Le gobie, petit poisson qu’on trouve généralement en zone littorale  possède de multiples variétés et ce sont trois de ces variétés originaires de l’ est qui commencent à poser de sérieux problèmes.

Le gobie est un petit poisson qui ressemble assez à notre chabot bien qu’il en diffère sur plusieurs points. En fait  un chabot et un gobie sont un peu cousin mais assez lointains.

Le gobie c’est ce poisson à grosse tête et yeux exorbités qu’on trouve sur les enrochements en bord de mer et que les adeptes du rock fishing adorent pêcher.

neogobius melanostomus

 

Il existe nombre de variétés de gobies dont certaines qui sont capables de passer de l’eau douce à l’eau salée, les endémiques qu’on pourra trouver dans les estuaires des grands et petits fleuves de l’ouest et du sud de la France sont le gobie tacheté et le gobie buhotte. Localement il peuvent remonter assez loin en eau douce.

Ceux qui commencent à gravement poser problème sont le gobie à tache noire (Néogobius mélanostomus),  le gobie de Kessler  (Néogobius kessleri) et dans une moindre mesure le gobie demi lune (Proterorhinus semilunaris).

gobie de Kessler

gobie de Kessler

 

Ces poissons sont originaires du bassin ponto caspien, en gros la mer noire. Ils auraient commencé leur invasions via les ballasts des navires remontant le Danube puis via les canaux jusqu’au Rhin  et dernièrement la Moselle et la Meuse où ils ont été identifiés depuis 2011.

Sachant que la Meuse et la Moselle sont interconnectées via des canaux avec la Marne, puis la Seine, puis la Saône puis le Rhône….On peut penser que cette bestiole aura totalement envahi les eaux intérieures françaises dans moins de 20 ans à l’image de l’ aspe.

gobie à tache noire

gobie à tache noire

 

Le gobie à tache noire mesure environ 10 à 20 cm, il possède une tache noire implantée sur le bord de la première nageoire dorsale. Sa robe est gris marron avec des taches grises ou brunes.

Son cousin le gobie de Kessler  possède lui une robe marbrée marron jaune et brun. Il mesure une vingtaine de centimètres à l’age adulte et est plus agressif que le gobie à tache noire. De profil sa tête ressemble un peu à celle d’un mérou avec une grosse mâchoire prognathe.

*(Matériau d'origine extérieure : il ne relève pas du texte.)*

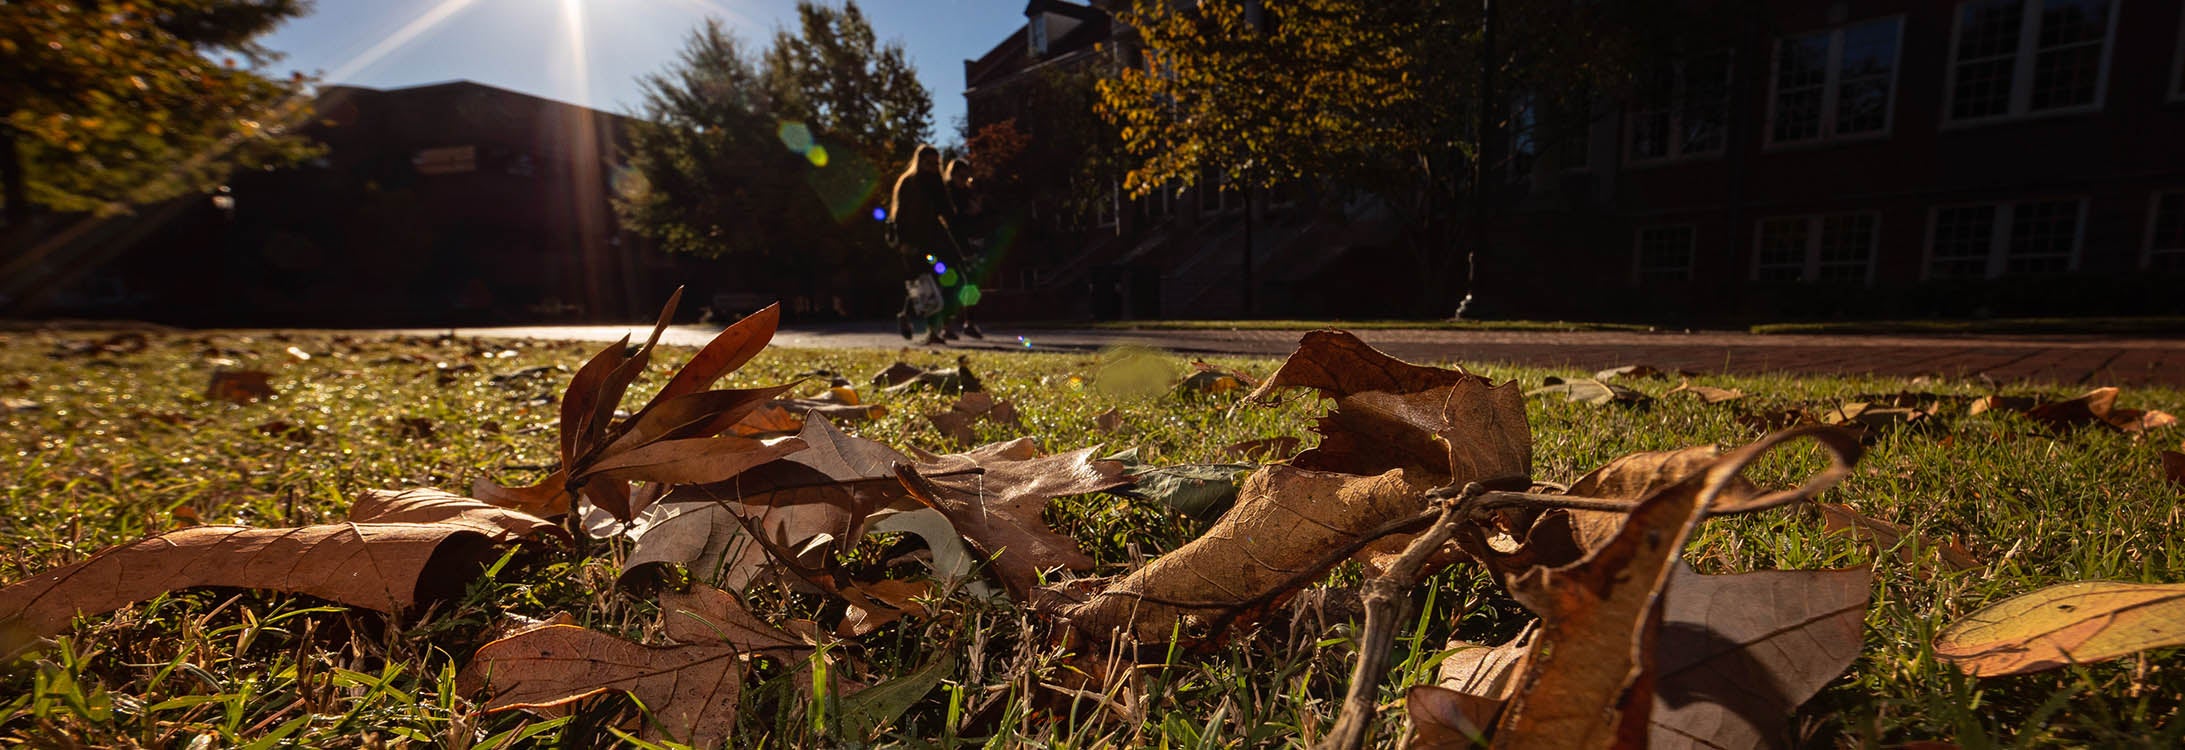 Fallen leaves on ECU's campus

Le gobie demi lune est bien plus petit, maximum 9 cm et sa tête est différente, le bec est plus long et il possède des narines en tube qui ressemblent à deux petites moustaches.  Sa robe est marbrée marron brun  et il serait  plutôt amateur de secteur enherbés alors que les deux autres préfèrent les cailloux.

gobie demi lune

gobie demi lune

 

La femelle pont plusieurs fois dans la saison dans des cavités et ses œufs sont fixés via des filament très solides aux cailloux mais aussi aux coques des navires.  Le mâle garde le nid et prend une coloration charbonnière très prononcée. Il est apte à se reproduire dès la deuxième année de sa vie.

Les gobies se nourrissent de petits invertébrés aquatiques  mais aussi d’œufs de poissons et s’ils sont nombreux sur un secteur, ce qui est le cas dans l’est de la France, ils dévorent toutes les frayes des autres poissons.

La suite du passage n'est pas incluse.